The claim would be falsified if a line-aware verifier shows that the 20 flagged code-reference claims still match current source exactly, or if a future run finds that refresh-before-repeat gates do not reduce repeated stale claims. The policy simulation in the data file says unresolved stale_overclaim_rate would fall to 0 if all ledger actions were applied before repetition. That is a deterministic simulation, not a measured later-cycle outcome.

Replication

Run:

node scripts/research-experiments/proof-debt-ledger.mjs

This writes:

apps/web/content/research/data/proof-debt-ledger.json

Then run:

pnpm research:audit
pnpm exec tsx -e "import fs from 'node:fs'; import { auditResearchArtifactQuality } from './packages/db/src/research-artifact-quality-guard'; const content=fs.readFileSync('apps/web/content/research/2026-06-12-proof-debt-ledger-agent-research.md','utf8'); const paper={slug:'2026-06-12-proof-debt-ledger-agent-research',title:'Proof Debt Is the New Technical Debt: A Ledger for Agent Research Claims',abstract:'Deterministic proof-debt ledger over public Armalo research claims.',content}; const experiment={slug:'proof-debt-ledger',paperSlug:paper.slug,methodology:'Measure, compare, and evaluate public research claim provenance, source freshness, registry coverage, and future experiment materialization on committed files with a deterministic ledger and reproducible JSON output.',config:{primaryMetric:'stale_overclaim_rate',promotionGate:'Promote only when a later cycle shows at least 30 percent lower stale_overclaim_rate without reducing true-positive claim coverage and with all evidence artifacts present.',evidenceArtifact:'apps/web/content/research/data/proof-debt-ledger.json',publicBoundary:'Public boundary excludes private customer data, secrets, raw prompts, proprietary internal payloads, tenant identifiers, and unsafe operational details while publishing aggregate methods and outcomes.'}}; const report=auditResearchArtifactQuality([paper],[experiment],{minimumPaperWords:650,minimumExternalSources:2}); console.log(JSON.stringify(report,null,2)); if(!report.passed) process.exit(1);"

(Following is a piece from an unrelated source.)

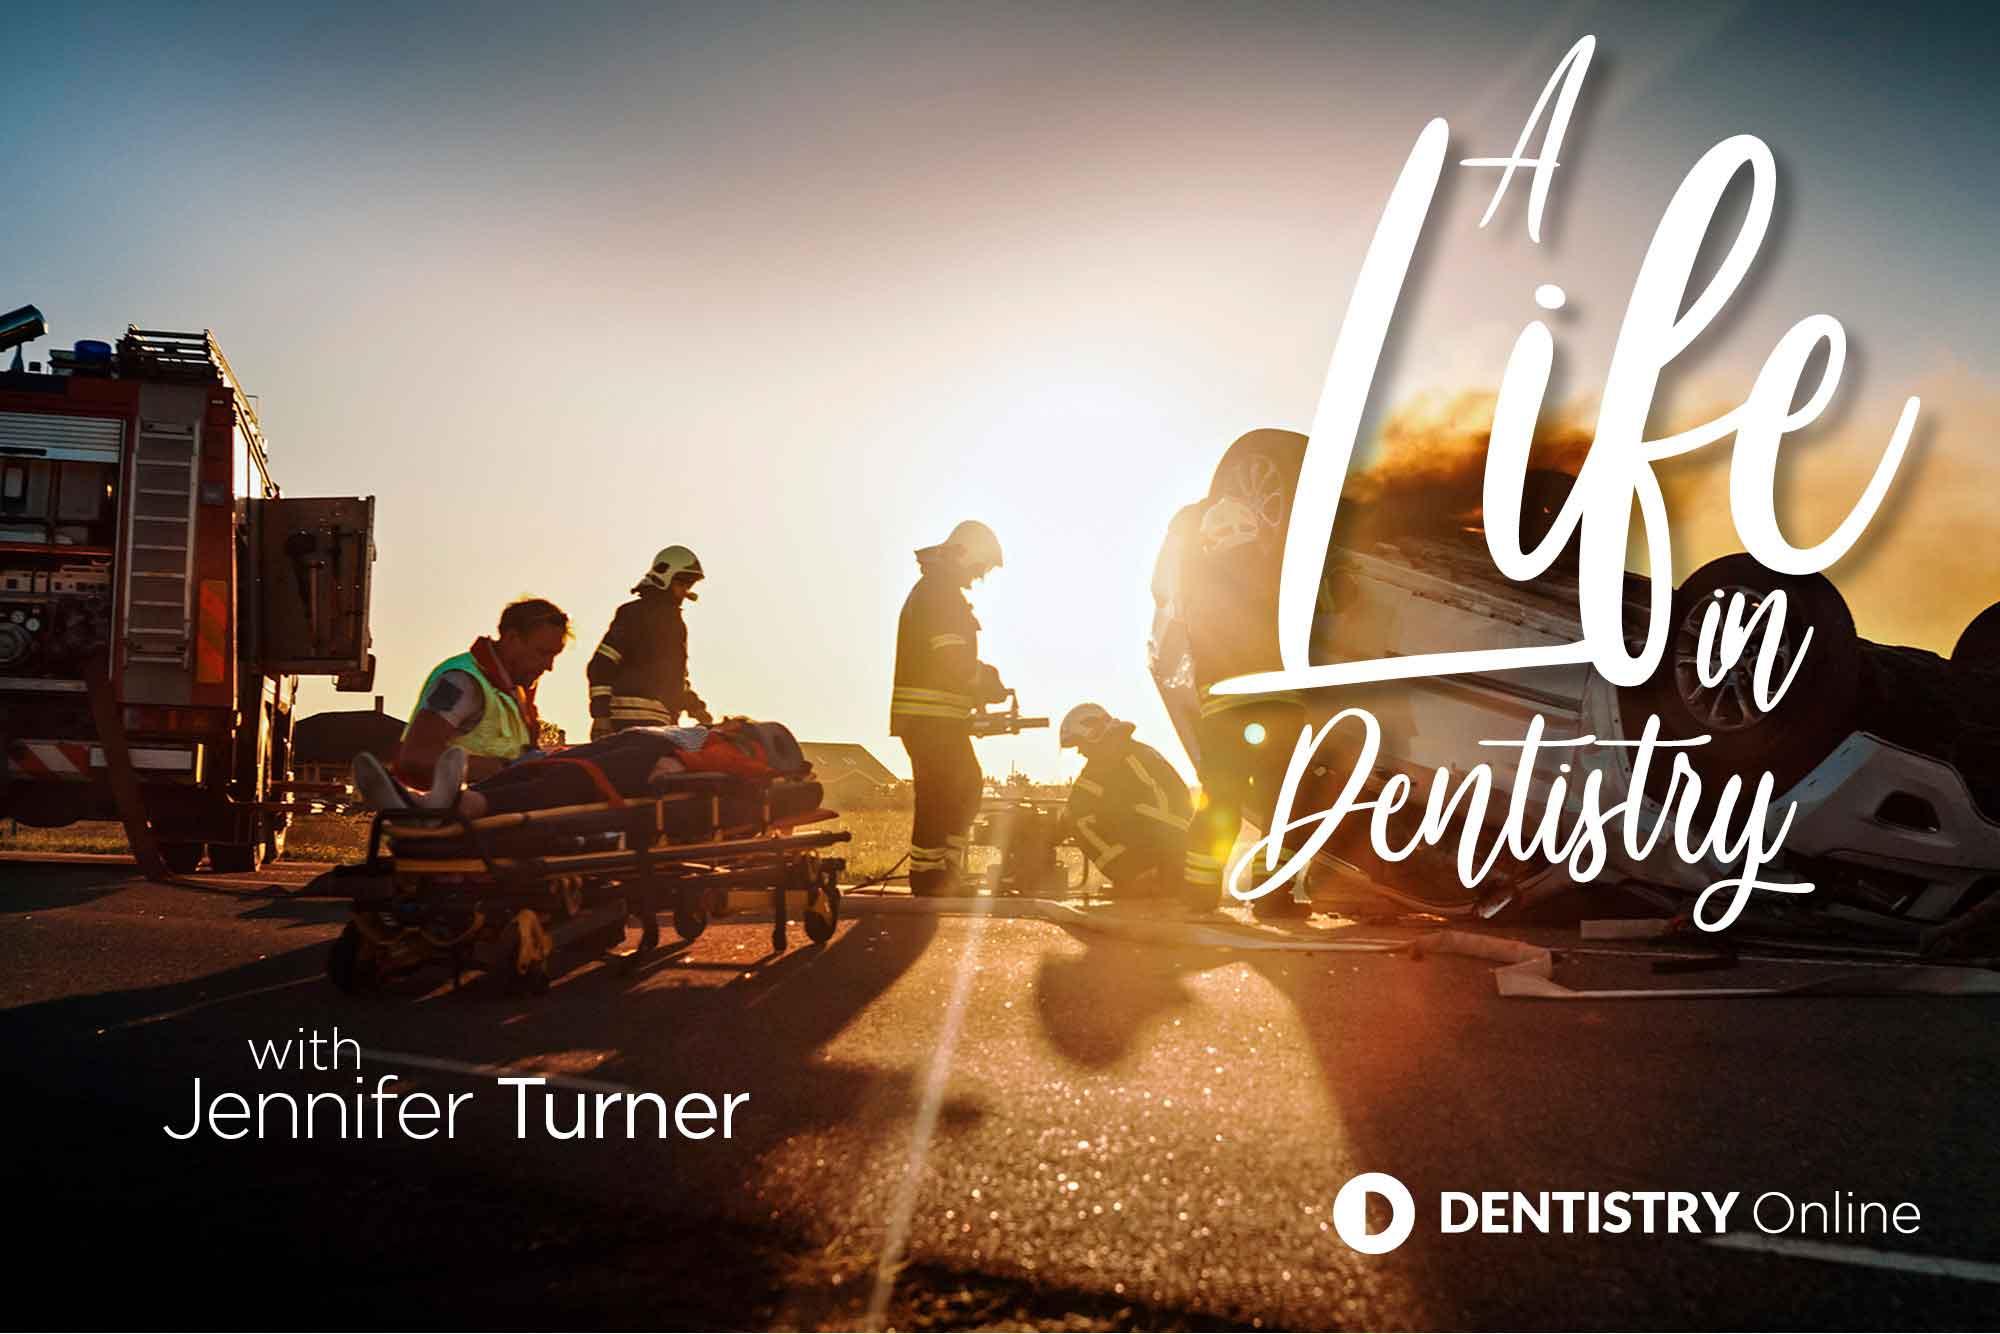 Jennifer Turner a life in dentistry

The measurement script and data file are the source of the quantitative claims in this paper. The claims are registered in apps/web/content/research/claims-registry.json.

Conclusion

Proof debt is now measurable. In this run, the first-order research integrity gates worked: no missing sources, no missing producers, and no unregistered new research papers. The remaining gap is freshness. Agent systems that publish claims against live code and runtime policies need a refresh-before-repeat ledger, because source drift turns yesterday's valid evidence into tomorrow's overclaim.